The central steel container houses the hoirzontally configured stack of fuel cells
The emissions from the fuel cell system are classified as exhaust air in accordance with the Federal Emission Control Act (Bundes-Immisionsschutzgesetz, BImSchG).
This is because the waste gas primarily contains air, water vapour and a low level of carbon dioxide. The hot exhaust air is above 400 °C, and is utilized via a heat exchanger system.
The HotModule has been in operation in the Leonberg digestion plant since September 2006, operating with more than a 200 kW output. By the beginning of this year, it has accumulated 2500 operating hours, and a total of 320 MW of electricity has been fed into the electrical grid.
CFC Solutions GmbH had a number of partners in the project, which RWE Fuel Cells GmbH, which acted as prime contractor for the overall fuel cell system; WMC and EnBW Energie Baden-Württemberg. WMC established a subsidiary named Biogas-Brennstoffzellen GmbH for the construction and operation of the fuel cell.
The project was regarded as a demonstration project, so more than 80 per cent of the total cost was financed by the Federal Republic of Germany, the State of Baden-Württemberg, EnBW Energie Baden-Württemberg, RWE Fuel Cells GmbH and DaimlerChrysler AG.

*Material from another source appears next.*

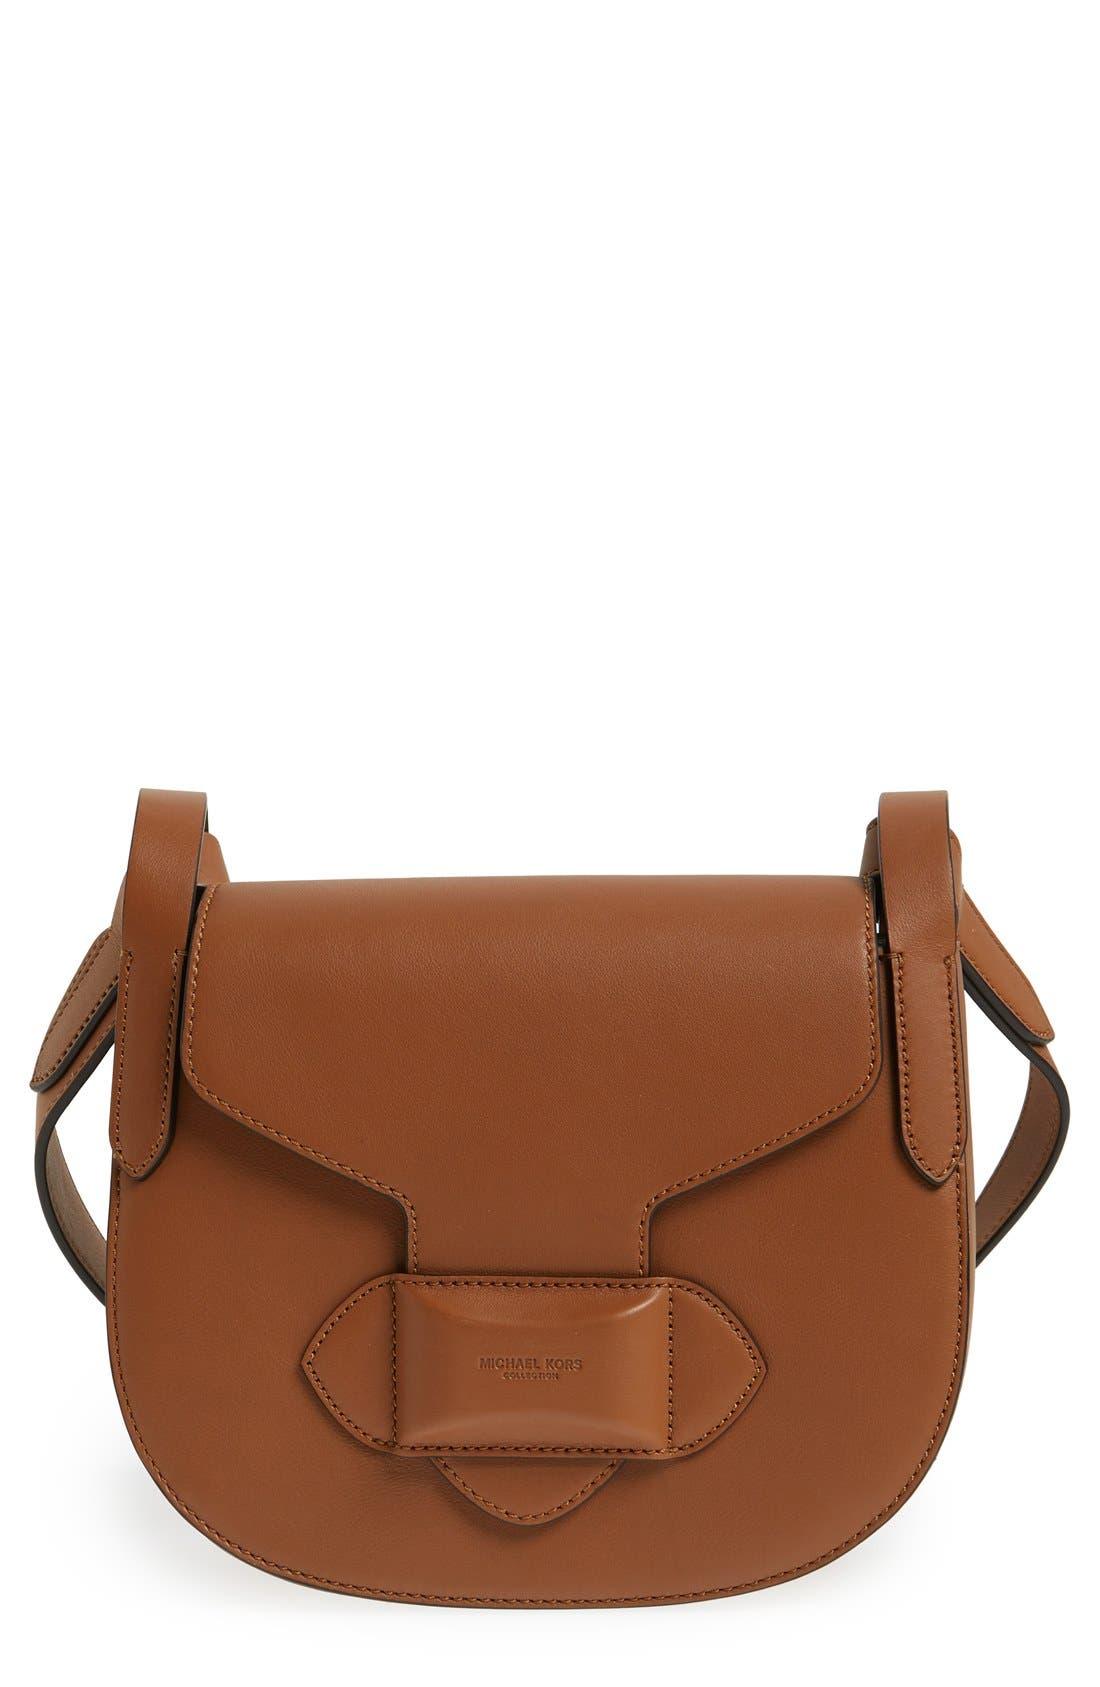 Michael Kors 'Small Daria' Leather Crossbody Bag

In addition, consultation support was provided by the Wirtschaftsförderung (Economic Development Corporation) of the Stuttgart Region, the Kompetenz- und Innovationszentrum Brennstoffzelle (Fuel Cell Competence and Innovation Centre), and the German Aerospace Centre. The remainder of the investment cost of the project was borne by the Waste Management Corporation, which includes a share of the fuel cell costs and expenditures relating to the installation of the fuel cell in the digestion plant and operational infrastructure.
With the objective of giving public recognition to outstanding developments in fuel cell technology and stimulating further development, the Environment Ministry of Baden-Württemberg and Wirtschaftsförderung Region Stuttgart GmbH joined forces with EnBW Energie Baden-Württemberg to issue the ‘f-cell’ award, which was founded by the State of Baden-Württemberg. The award is given in recognition of practically-oriented developments in the innovative sector of fuel cells.
The commitment of the Waste Management Corp-oration to the Leonberg biogas project was recognized when it was awarded the third-place f-cell bronze award.